I had stop myself saying certain things, which may or may not have been funny to whoever I was talking to, but that will be out of the bag before next week. Now I am getting to know people, I can judge whether they are likely to be receptive to my surreal ramblings or not, without upsetting anyone...
Title: Starting Uni Next Week....
Post by: tommyfobia on September 19, 2006, 05:20:36 PM
Quote from: FELINEGUITARS
Quote from: Philly Q
Quote from: tommyfobia
The best advice is "Be yourself". In my case though, it was more like "Be someone else who's normal". It seems to have worked so far anyway!

But now you have to keep it up... FOREVER!  :wink:

When I was young (  :cry:  ) I used to imagine that I could go away to University or start a new job and pretend to be a completely different person, and nobody would be any the wiser.  Never brave enough to try it though.


Starting somewhere fresh gives you a good opportunity to change habits if you are mindful of it before you start there

I was glad to move away from secondary school to 6th form college as I had suffered a lot of bullying from brainless idiots who had to prove something.
Each subsequent move allowed me to change and refine who I was and what I wanted to be.

Remember that you have to stay real to your genuine self  but can allow a change of habits which may be enough to redefine who you grow into.

I would definately say have fun and not feel left out but be sure that you are doing what you really want to do.
I had a fun time at college but I shunned the hanging out at the bar and drinking myself into debt - instaed I went out and went to lots of gigs

I ended up with the same level of debt that my mates did but I had a big record collection, nice cameras, guitars and amps, guitar lessons and went to loads of gigs rather than having spent it all in the student bar.

I would advise to avoid getting a smoking habit (if you dont already have one) - it is a hard one to kick and costs a lot of money.
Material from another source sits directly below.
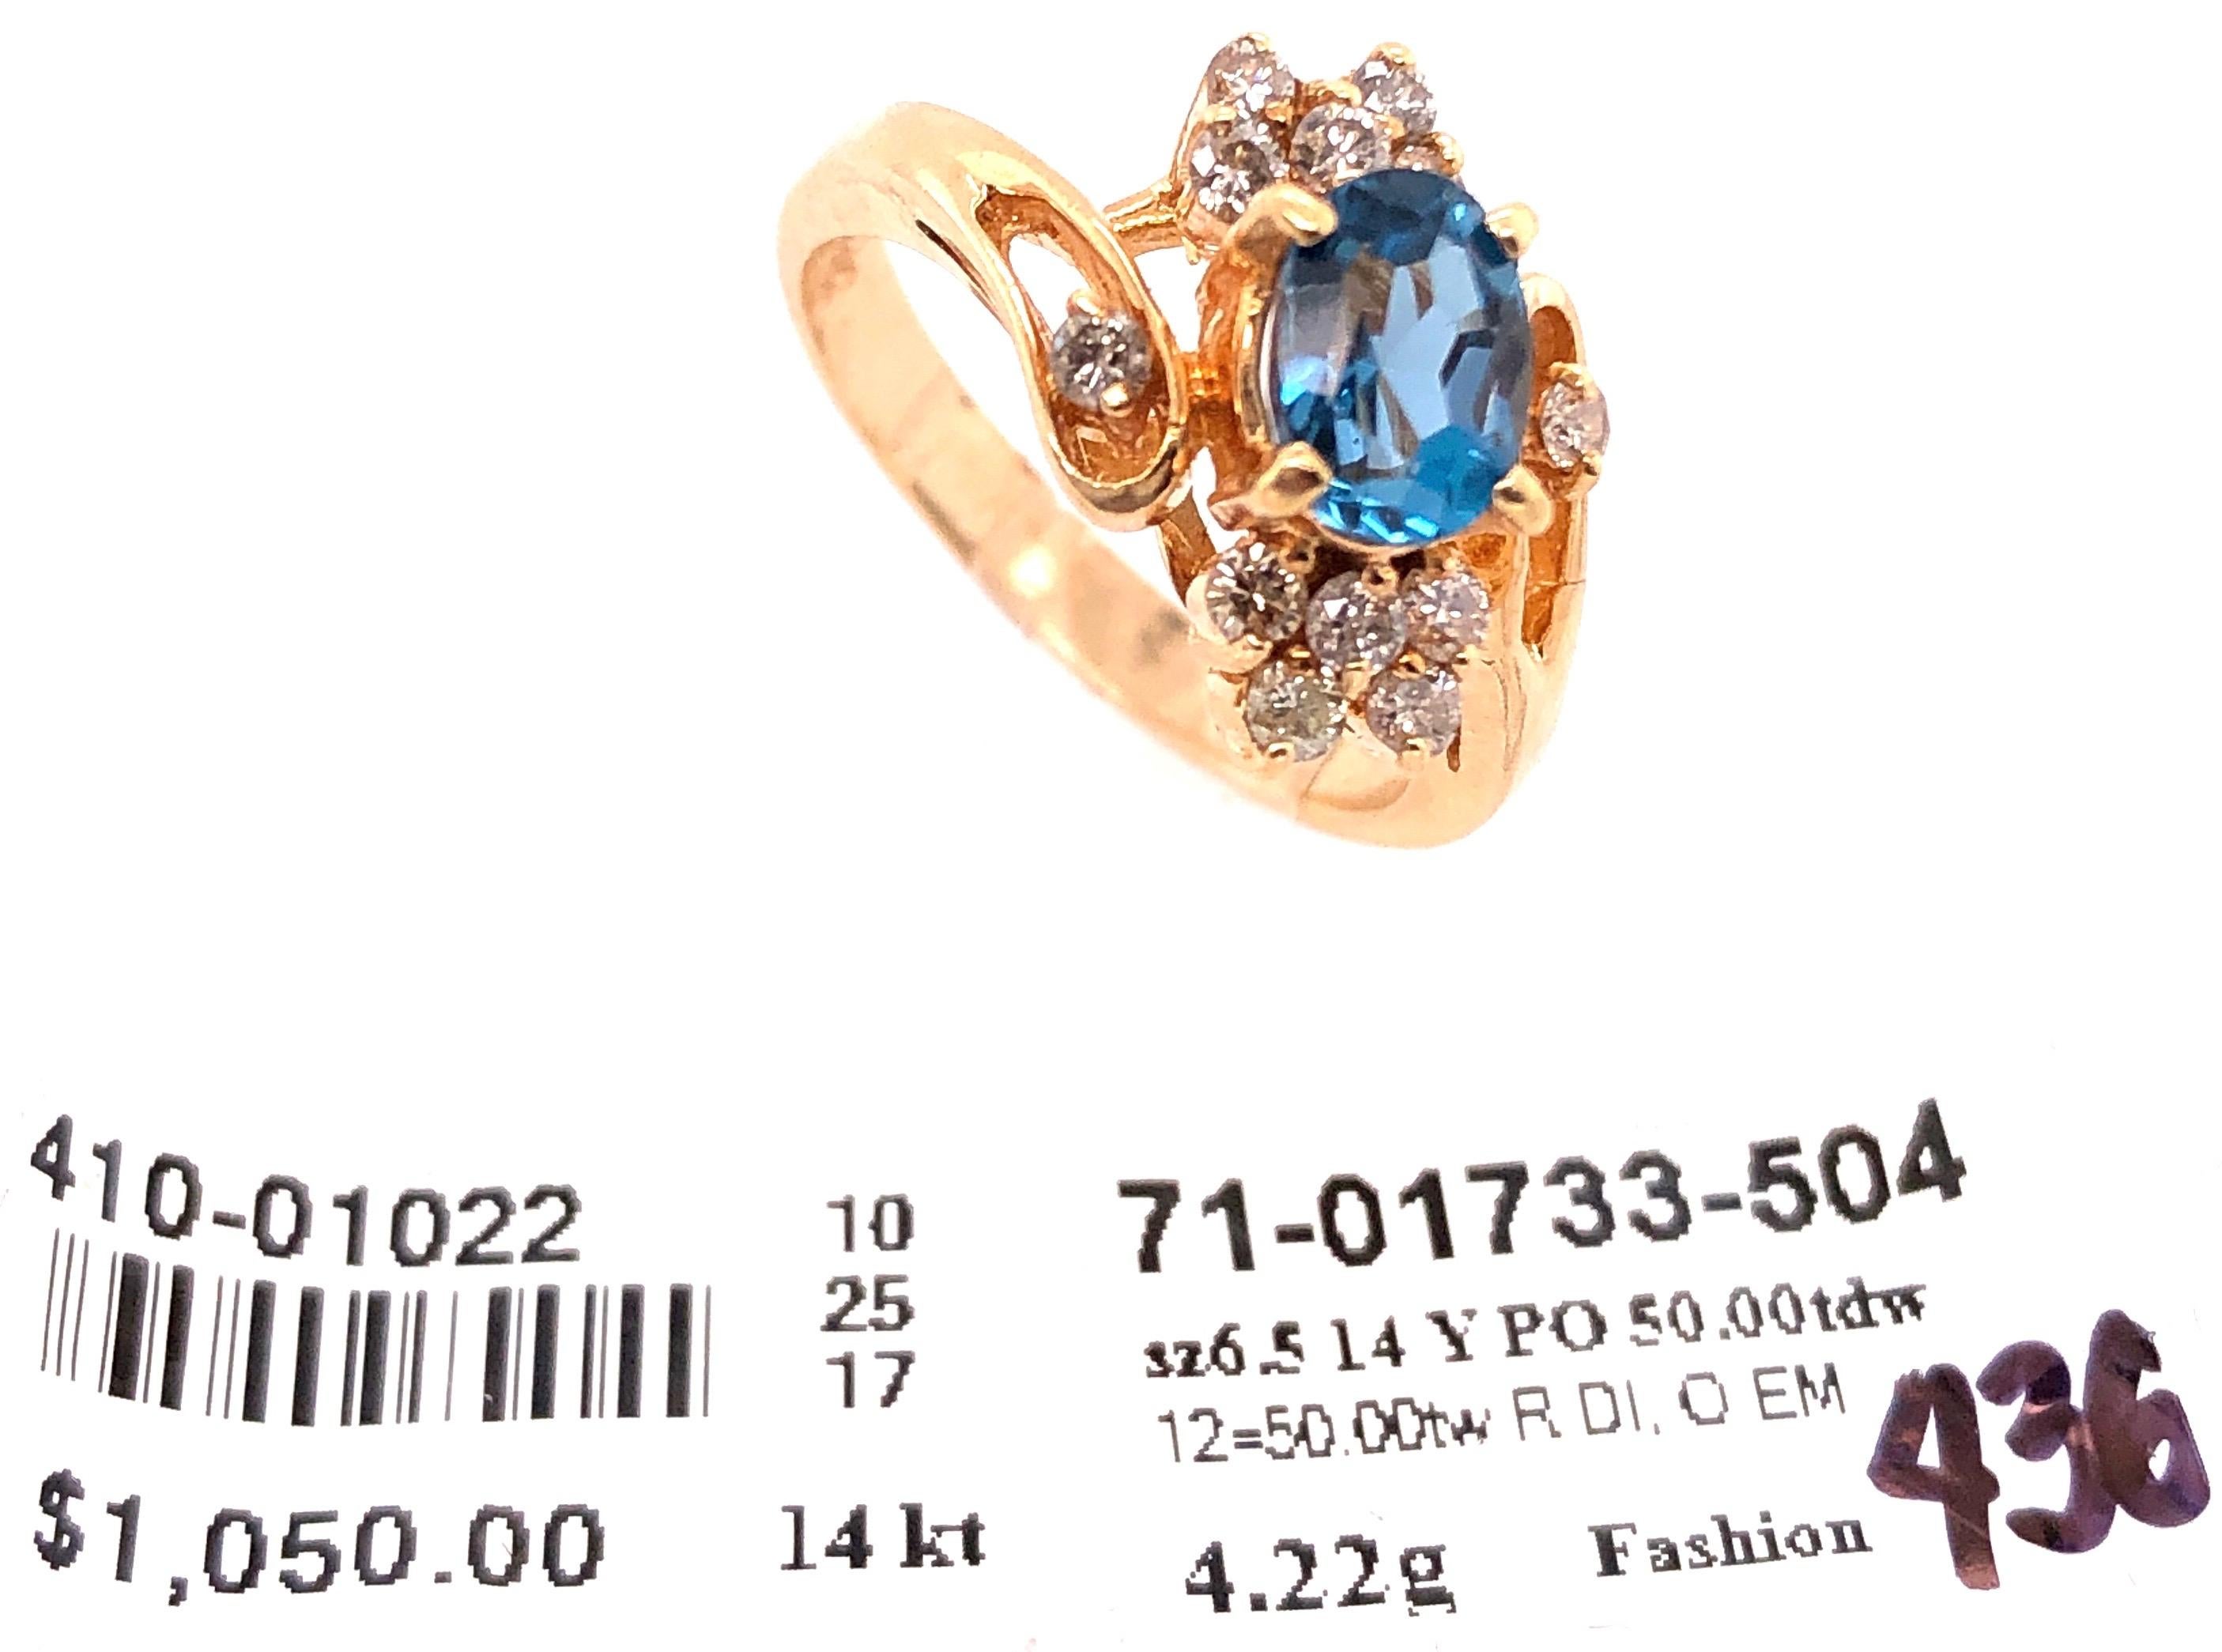 14 Karat Yellow Gold Blue Emerald Ring with Diamond Accents 50.00 TDW For Sale 6

A 20 a day habit costs like £2000 each year and that gets you a lot of guitars, amps and BKPs.


Great advice... I think this will be a good opportunity to quit smoking as I will have a more limited budget... After an expensive freshers week (which was to be expected) drinking is restricted to £1 a pint nights at various student bars.
Title: Starting Uni Next Week....
Post by: CaffeineJunkie on September 19, 2006, 05:22:35 PM
and whatever people think about quitting, it's about 100 times harder
Title: Starting Uni Next Week....
Post by: cnotold on September 19, 2006, 05:29:37 PM
graduate from nottingham, 5 years living experience in nottingham tells me that whatever happens, do not miss out freshers week since there are so many opportunities to meet different ppl. and the most chance you will ever get to get laid =p
Title: Starting Uni Next Week....
Post by: Bainzy on September 19, 2006, 05:31:13 PM
Quote from: tommyfobia
I had stop myself saying certain things, which may or may not have been funny to whoever I was talking to, but that will be out of the bag before next week. Now I am getting to know people, I can judge whether they are likely to be receptive to my surreal ramblings or not, without upsetting anyone...


So you're saying it might be a bad thing to go up to a bird and say "I don't exactly know what I am required to say in order for you to have intercourse with me. But could we assume that I said all that. I mean essentially we are talking about fluid exchange right? So could we go just straight to the sex. "

 :lol:

I'm thinking maybe I should just bring a 20 pack of Fosters and when I get there shout across the corridor in halls "anyone like free beer?" - surely that's a good way to make friends quickly.  :wink:
Title: Starting Uni Next Week....
Post by: Brow on September 19, 2006, 05:41:12 PM
I live 12 miles outside of Nottingham and gig there quite regularly, so there's something for you to look forward to :D

On a more serious note, Nottingham ain't so bad, you just have to go out and see how you like it :)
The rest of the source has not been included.